Key Experimental Results¶
Main Results (TAP-Vid Benchmark, 256×256 Resolution)¶
| Method | Training Data | DAVIS First AJ | DAVIS Strided AJ | Kinetics First AJ | Notes |
|---|---|---|---|---|---|
| LocoTrack | Kubric | 63.0 | 67.8 | 52.9 | Synthetic data baseline |
| BootsTAPIR | Kubric+15M | 61.4 | 66.2 | 54.6 | Self-training with 15M videos |
| Anthro-LocoTrack | Kubric+1.4K | 64.8 | 69.0 | 53.9 | Only 1.4K real videos |
| TAPNext | Kubric | 62.4 | 65.4 | - | Baseline |
| BootsTAPNext | Kubric+15M | 65.2 | 68.9 | - | Self-training |
| Anthro-TAPNext | Kubric+1.4K | 66.1 | 71.4 | - | Surpasses 10,000× more data |
Ablation Study¶
| Configuration | DAVIS AJ | Notes |
|---|---|---|
| Kubric only | 63.0 | Synthetic data baseline |
| + SMPL trajectories (no filtering) | 63.5 | Limited gain due to noise |
| + Ray casting visibility | 64.1 | Visibility labels are important |
| + Optical flow filtering | 64.8 | Full pipeline achieves best results |
Key Findings¶
- Human motion pseudo-labels from only 1.4K videos surpass self-training methods using 15M videos.

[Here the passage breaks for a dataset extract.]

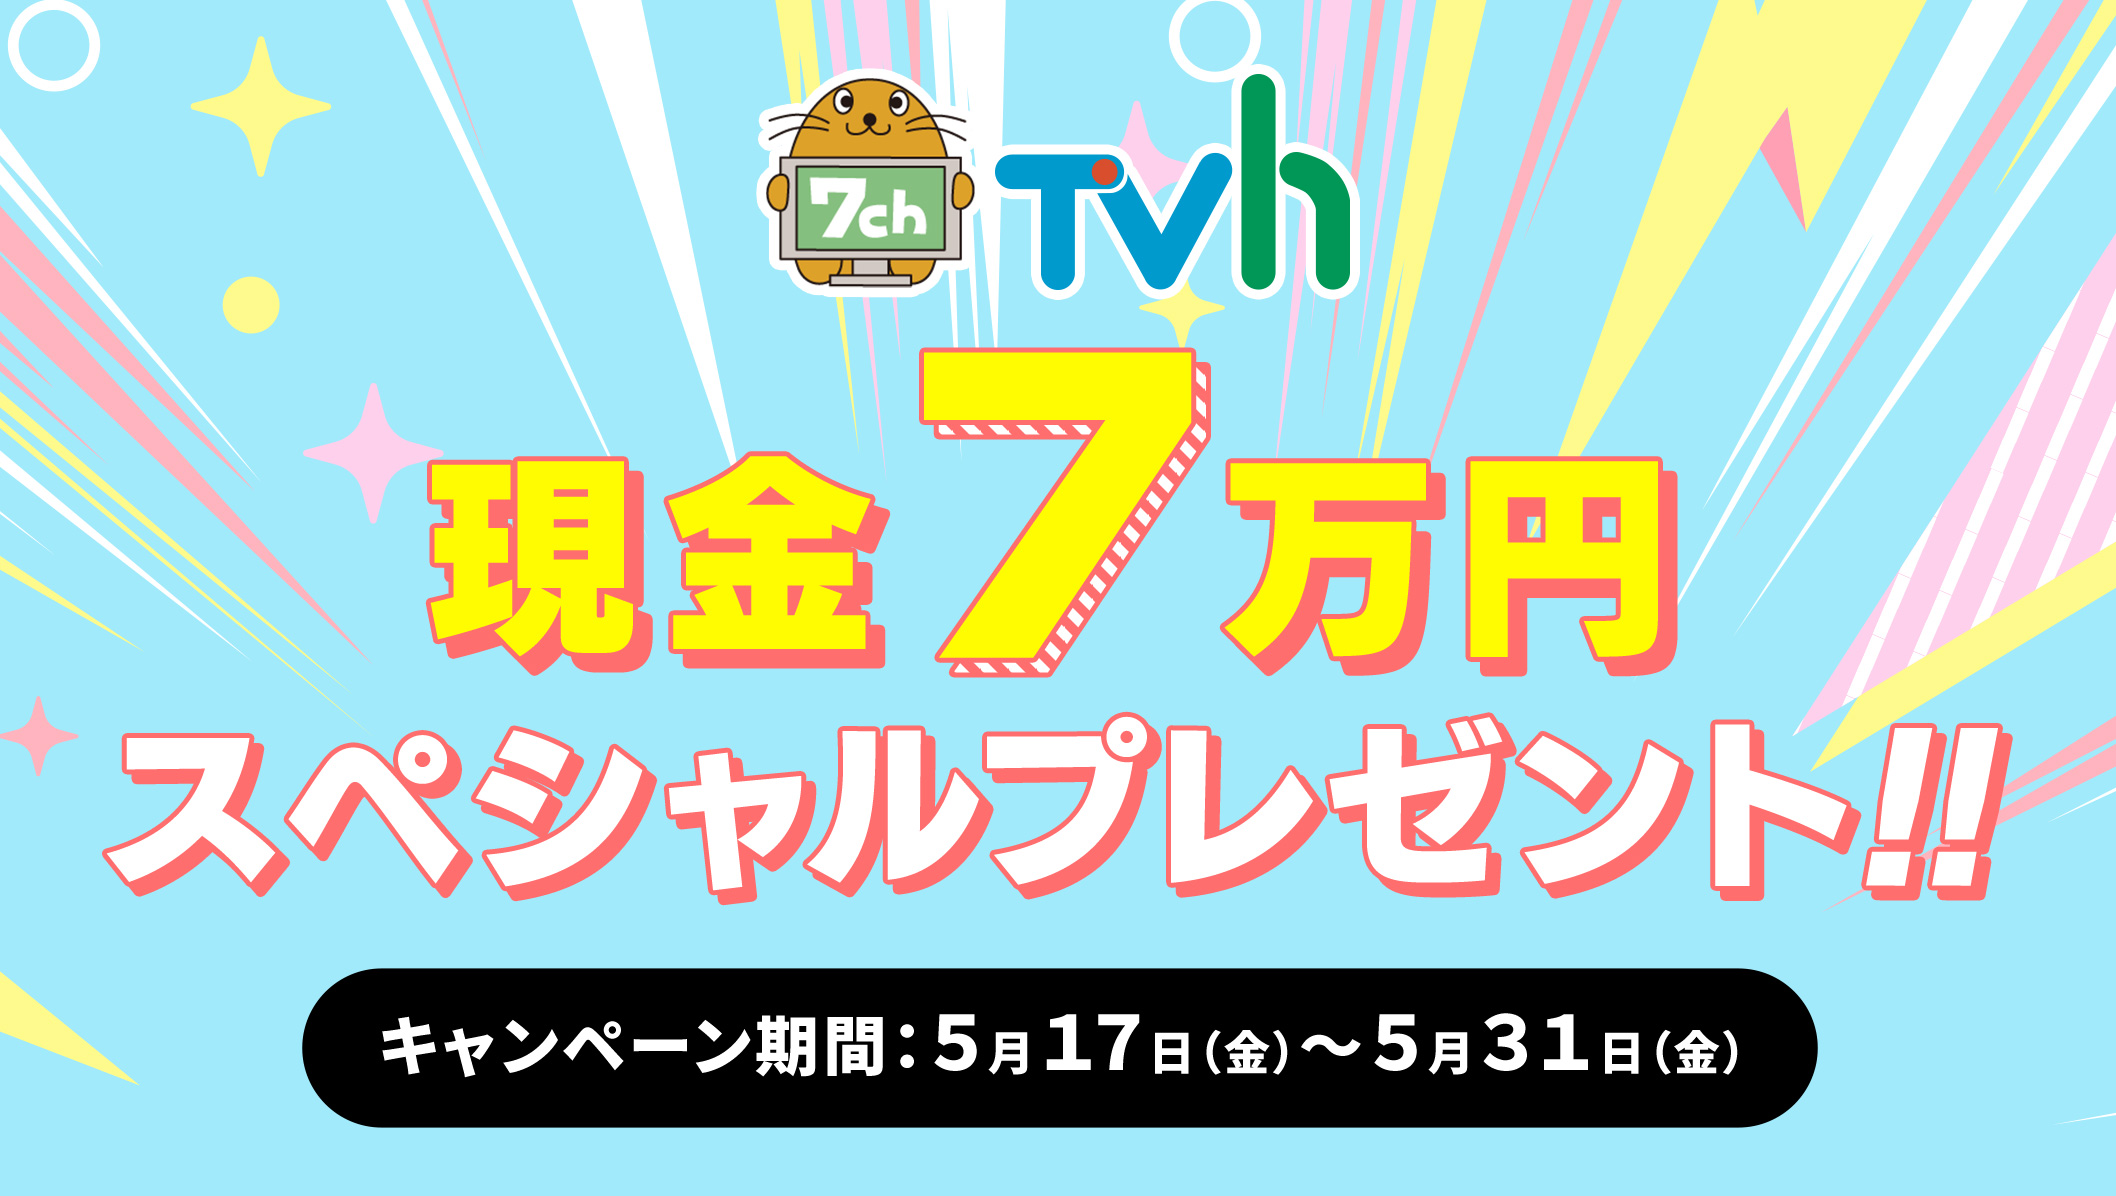 TVh 現金7万円スペシャルプレゼント！キャンペーン期間5月17日(金)～5月31日(金)

- The method achieves state-of-the-art results on general (non-human) object tracking benchmarks (DAVIS, Kinetics, including animals and vehicles).
- Optical flow filtering is critical: approximately 15% of trajectories are discarded, yet quality improves significantly.

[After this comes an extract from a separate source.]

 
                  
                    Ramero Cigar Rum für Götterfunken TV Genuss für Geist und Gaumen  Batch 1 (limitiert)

- The complexity of human motion trajectories—measured by trajectory complexity and diversity—far exceeds that of driving datasets such as DriveTrack.
Highlights & Insights¶
- A thought-provoking core finding: The structured complexity of human motion serves as the optimal training signal for general-purpose point tracking.
- Exceptional data efficiency: the method surpasses CoTracker3 with 11× fewer videos, and BootsTAPIR with 10,000× fewer frames.
- The pipeline is simple yet effective, combining only off-the-shelf components (HMR + optical flow).
- The dataset is non-proprietary and openly contributed to the community.
Limitations & Future Work¶
- Only human motion is exploited; other valuable motion types (e.g., animals, fluids) are not utilized.
- SMPL does not model hand and facial details, resulting in the loss of fine-grained trajectories in these regions.
- HMR models remain limited in robustness under crowded scenes and extreme occlusion.
Related Work & Insights¶
- Complementary to DriveTrack (pseudo-labels from driving scenes): driving motion is simple (predominantly rigid bodies), whereas human motion is complex.
- The approach is extensible: any object category with a parametric model (e.g., animals via SMAL) can benefit from the same pseudo-label generation strategy.
Rating¶
- Novelty: ⭐⭐⭐⭐⭐ Using human motion as a training signal for general-purpose point tracking is an elegant insight.
- Experimental Thoroughness: ⭐⭐⭐⭐⭐ Multiple benchmarks × multiple trackers × extensive ablations × comparisons with several SOTA methods.
- Writing Quality: ⭐⭐⭐⭐⭐ Motivation is clear; the pipeline design logic is rigorous.
- Value: ⭐⭐⭐⭐⭐ Efficient, reproducible, and likely to have lasting impact.